Nevertheless, there are some abnormal criteria for the Spanish accounting circumstances. First, company usually can get the qualifications of audit report. Second, there is conspiring between company and rules authorities.

However, the Spanish' report did not state about the presence of the audit report qualifications, special authorizations and any evidence of creative accounting performances. According to Dechow and Skinner (2000), they dispute the significant data of creative accounting because some investors may trust the superficial data as their knowledge are only restricted to the analysis of the data.

6. THE ETHICAL PERSPECTIVE

"Macro-manipulation" refers to the lobbying action by financial statements preparers in persuading the regulators to produce more favorable terms in according to their interest. On the other hand, "micro-manipulation" illustrates the management of accounting numbers at the entity level which results in an unfair view. The latter kind of creative accounting is given more discussion in this paper.

Revsine (1991) argues that both managers and shareholders can benefit from creative accounting. Managers are able to maximize their compensation by influencing the company's reported earnings. Shareholders also enjoy advantages of "smooth income" in the form of good shares price as the results of reducing the obvious volatility of earning and other management action such as attempting to avoid default on loan agreements.

Merchant and Rockness (1994) give an opinion that accountants are more serious of abuse of accounting rules than of manipulation of transactions. Two potential rationales are discussed by Fischer and Rosenzweig. Firstly, accountants may show less concern on the impact on users of the accounting figures, instead, they may apply the rule-based approach to ethics. Secondly, accountants also may not see their responsibility in the manipulation of transactions which they always think it is the domain of management and thus not subject to the same ethical code. In this case, accountants may only see abuse of accounting rules as falling within their domain. Besides, these researchers also come across that creative accounting based on self-interest of management may attract more disapproval compared to a motivation of theirs which is to promote the company.
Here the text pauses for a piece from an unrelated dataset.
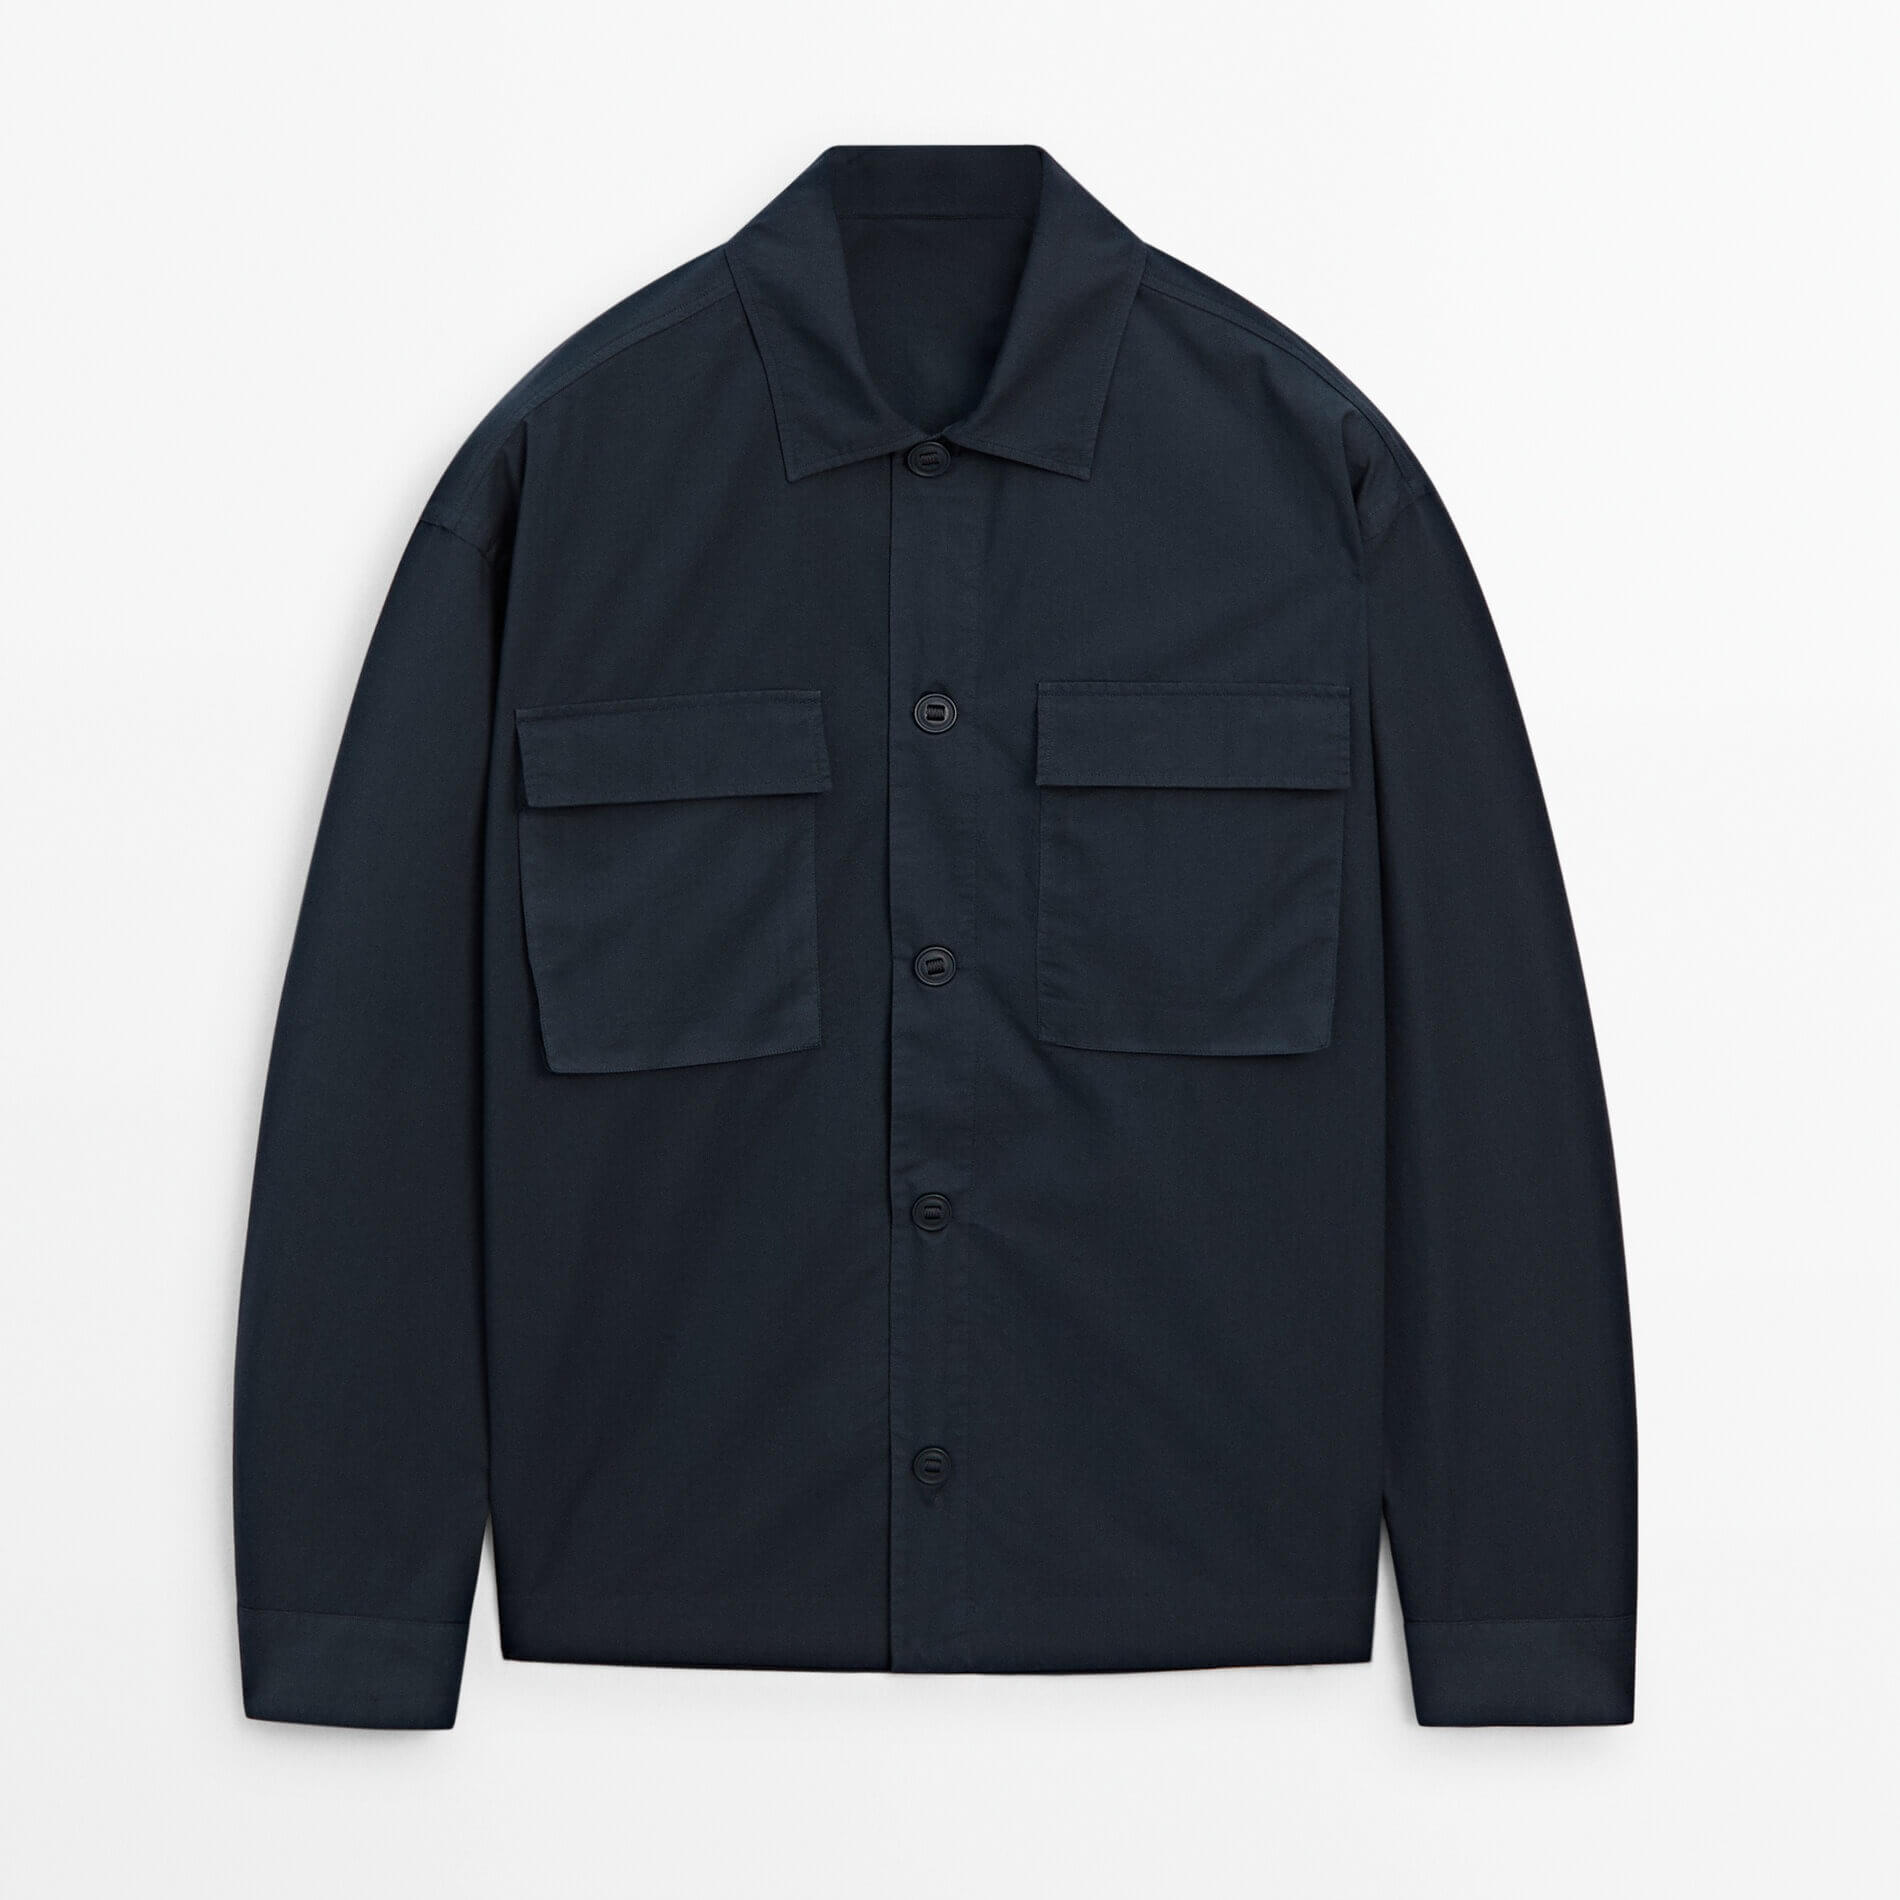 Куртка-рубашка Massimo Dutti Cotton With Chest Pockets, темно-синий куртка рубашка massimo dutti zip up with chest pockets хаки

However, accountants or managers may ruin their reputation and subsequently affect their career path if there is failure to take a stand against creative accounting particularly when they come to proposed accounting method which is in fact unacceptable. They are facing the same pressure as any other whistleblower. Therefore, Hamilton (1991) offers some suggestions to these people in order to cope with the above mentioned problem. The very first step for an accountant or especially a manager to do is to verify his or her suspicious about fraudulent things, as some accounting practices which look illegal are legal in fact. Next, look for alternative ways to reach the desired results and then recommend these as an alternative option to the management. If the management is still insisting on their way, a report should be made to the appropriate monitoring body.

7. SOLUTIONS

Creative accounting practice is seen as fraudulent and undesirable. The researchers have analyzed several procedures which can be taken to lessen the scope for creative accounting practices.

First, reduce the choice of accounting methods by limiting the permitted accounting methods or specifying conditions in which method should be adopted. Consistency in using the accounting methods is emphasized. Second, outline rules that lessen the use of judgment. Auditors' role is also important in identifying fraudulent estimates. Third, implement the concept of 'substance over form' to deal with artificial transactions. Next, revaluate items in the accounts regularly to identify gains or losses on value changes in the accounts as they occur each year.

Besides changes in accounting regulation, ethical standards and governance codes in the corporate world must be enforced thoroughly.

8. ADDITIONAL INFORMATION

Amat et al. (1999) have investigated and found that there has been reduction in the use of creative accounting practices based on the interviews they have conducted in New Zealand with Big Six and five other firms. Reasons for reduction include new regulatory framework and directors' own responses.